How high can Southern California prices go? A lot, experts say

All hair stylist Erin Bond wants is a decent two-bedroom condo in Orange County, preferably in Huntington Beach.

But all she can afford is $400,000 to $420,000.

In a county where the median price of a condo in May was almost $500,000, she's not sure there's anything in her price range she can live with.

"It's pretty disappointing," said Bond, 35. "You can't even buy anything that low. I mean, there are things out there, but they're not nice."

So Bond's plan is to wait until the market goes down again.
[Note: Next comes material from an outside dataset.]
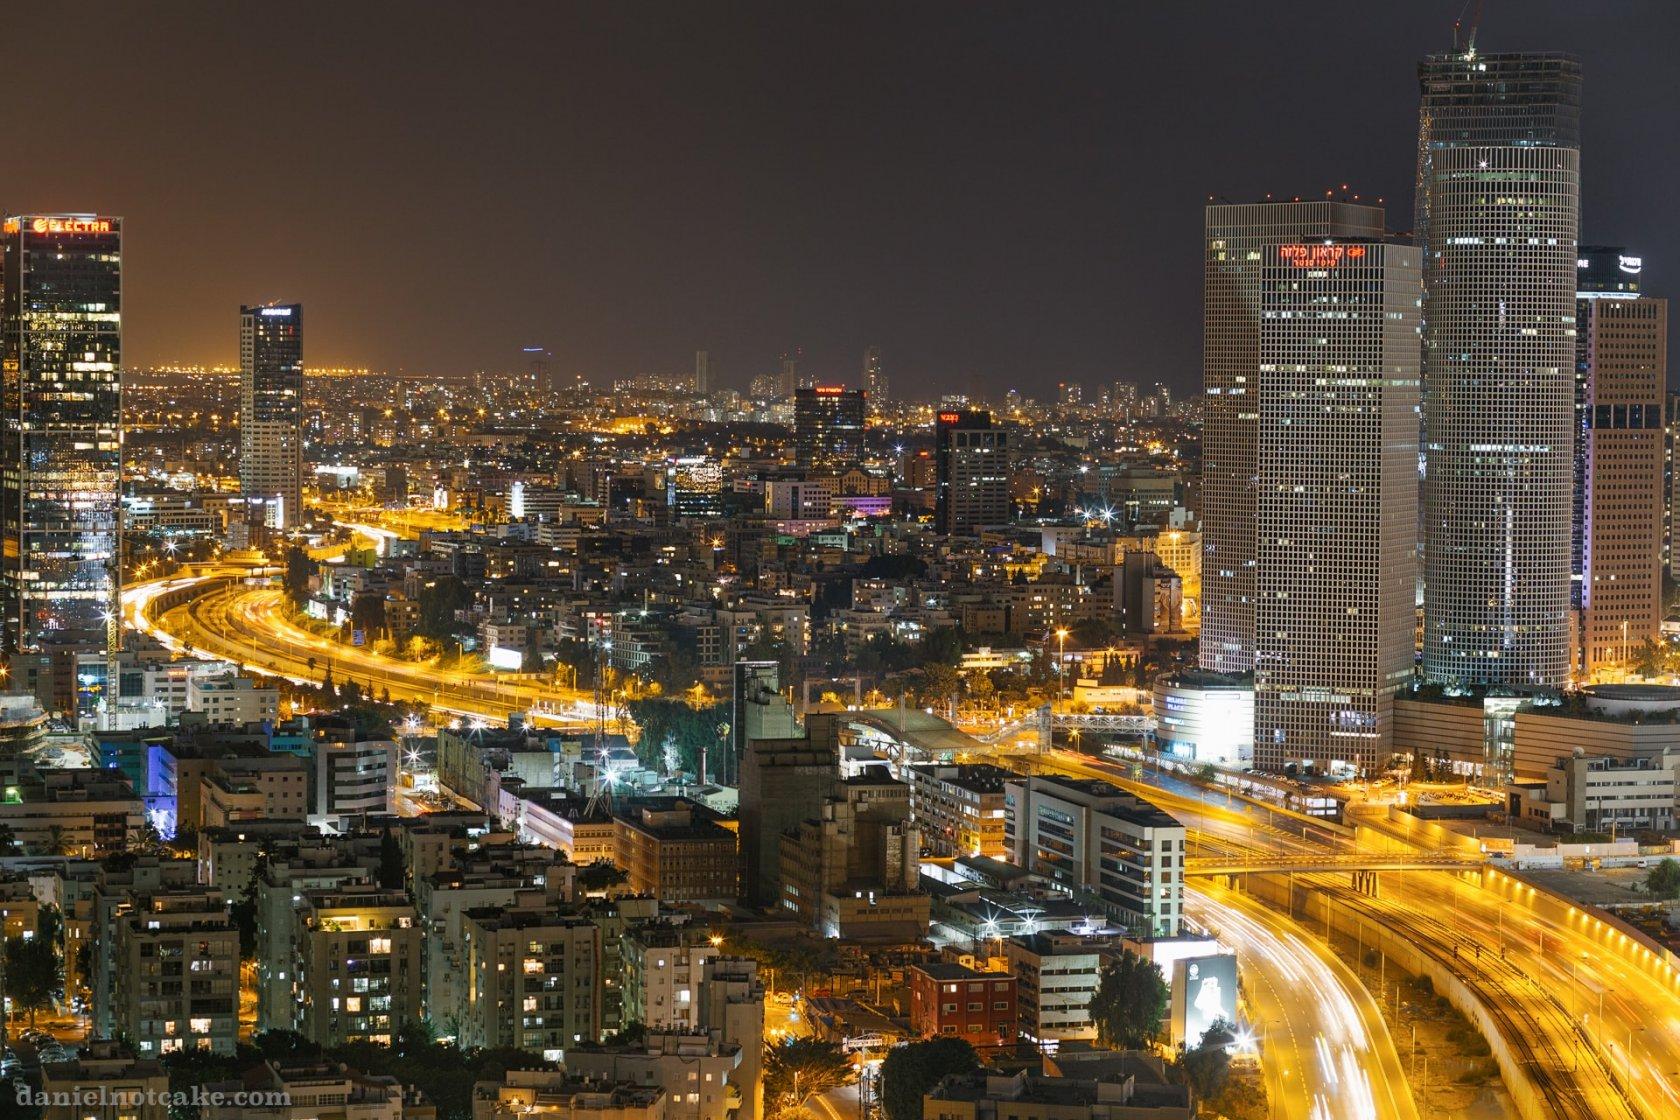 Как сейчас выглядит город детройт фото хостел

And if it doesn't, "I would continue to rent."

A lot of homebuyers are facing Bond's conundrum.

For 62 straight months, Southern California home prices have gone in one direction. Up.

Five years ago, you could snatch up a median-priced condo in Orange and Los Angeles counties for about $280,000, 76 percent less than today's prices. A median-priced house cost $323,000 in L.A. County five years ago and $495,000 in O.C., about $260,000 less than today's prices in both counties.

That was then. What should a buyer do now?

Will prices keep rising? Or as Bond thinks — along with some real estate agents — are prices close to the top?

We asked a half-dozen economists and industry analysts what the future holds for home prices in the region. Among their answers:

* Southern California home prices aren't about to drop. In fact, they believe prices will keep rising for two more years, at least, and possibly longer.

* The market isn't in a bubble — yet — although bubble talk is starting to "raise its ugly head" at cocktail parties, one economist said. Some analysts are saying Southern California home prices are showing signs of being overvalued.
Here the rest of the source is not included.